Впрочем, о себе — как и в письмах — снова было сказано мало. Но вот Дмитрий Владимирович вынул аккуратно перевязанную пачку писем королевы Елизаветы — и разговор сразу же оживился.

Письма были трогательные, с грамматическими ошибками, с неловкими оборотами. В них было нечто сказочное, и мне они более всего напомнили — по своей поэтической лаконичности — андерсеновских принцесс, которые никогда не забывают о том, что они обыкновенные девушки, а не только принцессы. Можно поручиться, что Елизавета никогда не забывала о том, что она прежде всего человек, а уже потом королева.

— Возможно, что Дядькин был прав, предположив, что я был плохим учителем, — сказал Дмитрий Владимирович. — Впрочем, если вашему ученику без малого семьдесят пять лет, попробуйте-ка научить его свободно говорить, например, по-венгерски. Если королева, несмотря на все ее прилежание, не вполне овладела языком, мне удалось, кажется, за четверть века дружбы приобщить ее к тому, о чем отнюдь не принято говорить с коронованными особами. А ведь это кое-что значит.

Он лишь мельком слышал о Евгении Шварце и удивился, когда я сказал, что королева Елизавета легко становится вровень с героями его знаменитых пьес. В этих пьесах-сказках диктаторы, министры, палачи не боятся авантюристов, хитрецов, ловкачей, убийц. Они боятся обыкновенных честных людей, потому что честность, порядочность, с их точки зрения, необъяснима. По-детски наивен Ланцелот, убивающий Дракона, который четыреста лет властвует над городом. Ученый, которого нельзя купить, побеждает свою Тень — воплощение предательства, а знаменитую формулу: «Король гол» — произносит ребенок.

Может быть, я ошибаюсь, но в Елизавете была и другая черта, роднящая ее с героями Шварца. Перед лицом полной безысходности они полны младенческих надежд. «Я уверен, я уверен, что все кончится прекрасно» («Тень»).

Думаю — и даже убежден, — что образ мыслей королевы Елизаветы многим казался необъяснимым. Многим, — но уж, конечно, не преподавателю русского языка, который стал ее другом.


Память


Это был длинный, утомительный и в общем довольно грустный день. То, что окрасило его, началось накануне в Люксембурге, в городе Эш на Альзете, где впервые отступили, стушевались и чувство новизны, и удивление перед прелестью незнакомых мест. Их заменила могущественная Память.

Среди множества греческих богов была и богиня памяти Мнемозина.

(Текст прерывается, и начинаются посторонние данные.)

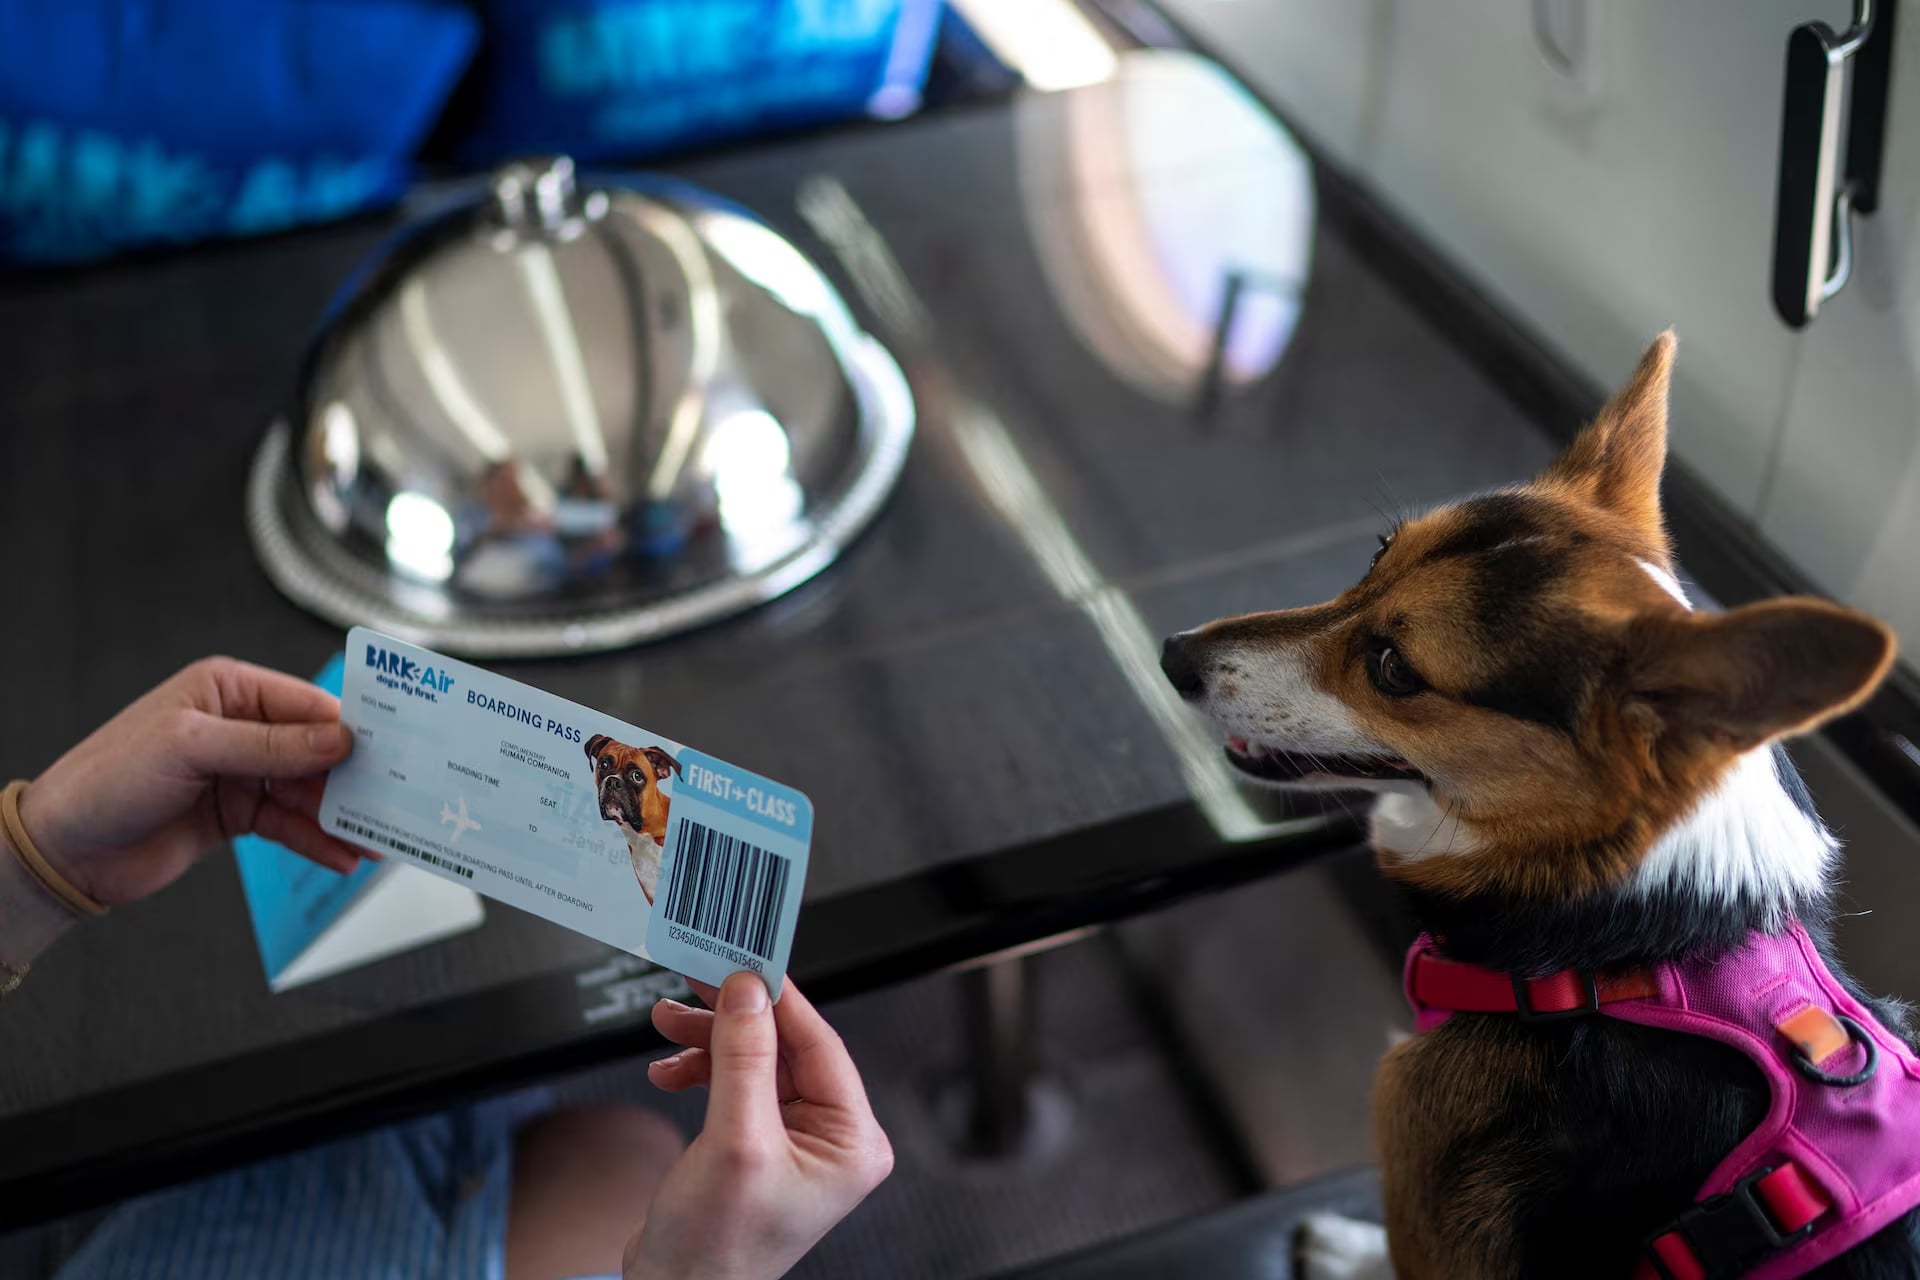 A woman shows a dog’s boarding pass after boarding a plane during a press event introducing Bark Air, an airline for dogs, at Republic Airport in East Farmingdale, New York, May 21. Photo: Reuters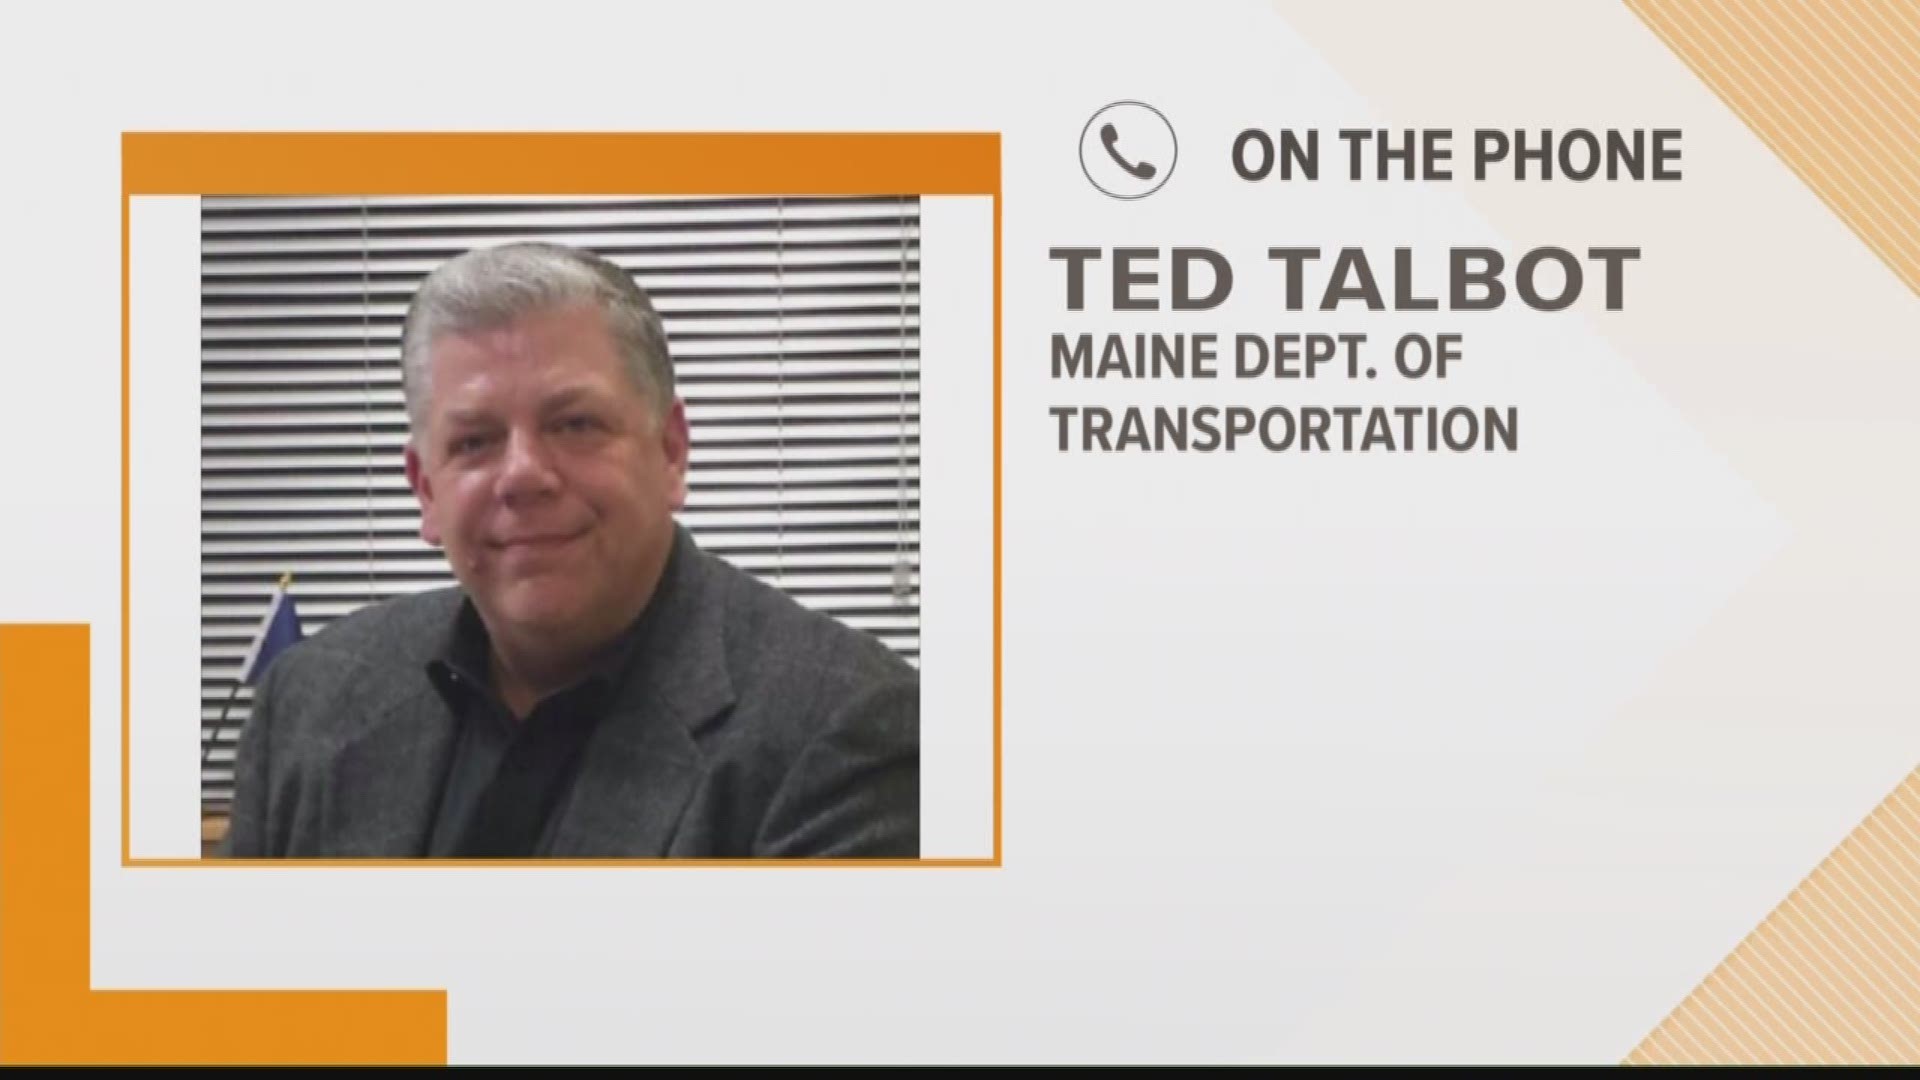 This morning Zach talked about Maine road conditions with MEDOT - Ted Talbot

Она осенила нас в Музее Сопротивления, где мы были встречены маленькой делегацией политических деятелей Люксембурга и где наши военные, И. А. Дядькин и Н. В. Попова, возложили венок. В превосходном, сдержанном здании музея — страшные фотографии замученных, идущих на смерть, обыскиваемых, приговоренных. Само здание чем-то напоминает человека, стоящего со склоненной головой у могилы и поклявшегося передать то, что он испытал, поколениям и поколениям. Среди фотографий, найденных в сумке убитого немецкого офицера, мы увидели Зою Космодемьянскую перед казнью — девочку в мужской одежде, с нежным, ничуть не испуганным лицом. Надписи не было. Я сказал люксембуржцам, что это Зоя, а они удивились, но не очень. «А может быть, и не нужно надписи?» — сказал, подумав, хранитель музея. Мы поняли. Неназванная Зоя Космодемьянская получила люксембургское гражданство и становилась рядом с теми участниками Сопротивления, имена которых, все до одного, занесены в толстые книги, хранящиеся в этом музее.

Сцена возложения венков повторяется в Льеже, в старой крепости, где был лагерь военнопленных, а теперь кладбище героев Сопротивления. У входа — черные, обугленные столбы, расщепленные, со следами пуль. Повсюду среди могил стоят эти столбы, а в низине, у стены цитадели, сложены в огромный прямоугольник. Более страшного и простого памятника я не видел. У этих столбов расстреливали. Но почему они черные, обугленные, полусгоревшие? Не знаю. Бельгийцы, склонив головы, молча стоят у могил. Страшно спросить. И мы не спрашиваем. Огонь — везде огонь. И в Майданеке, и в цитадели Льежа.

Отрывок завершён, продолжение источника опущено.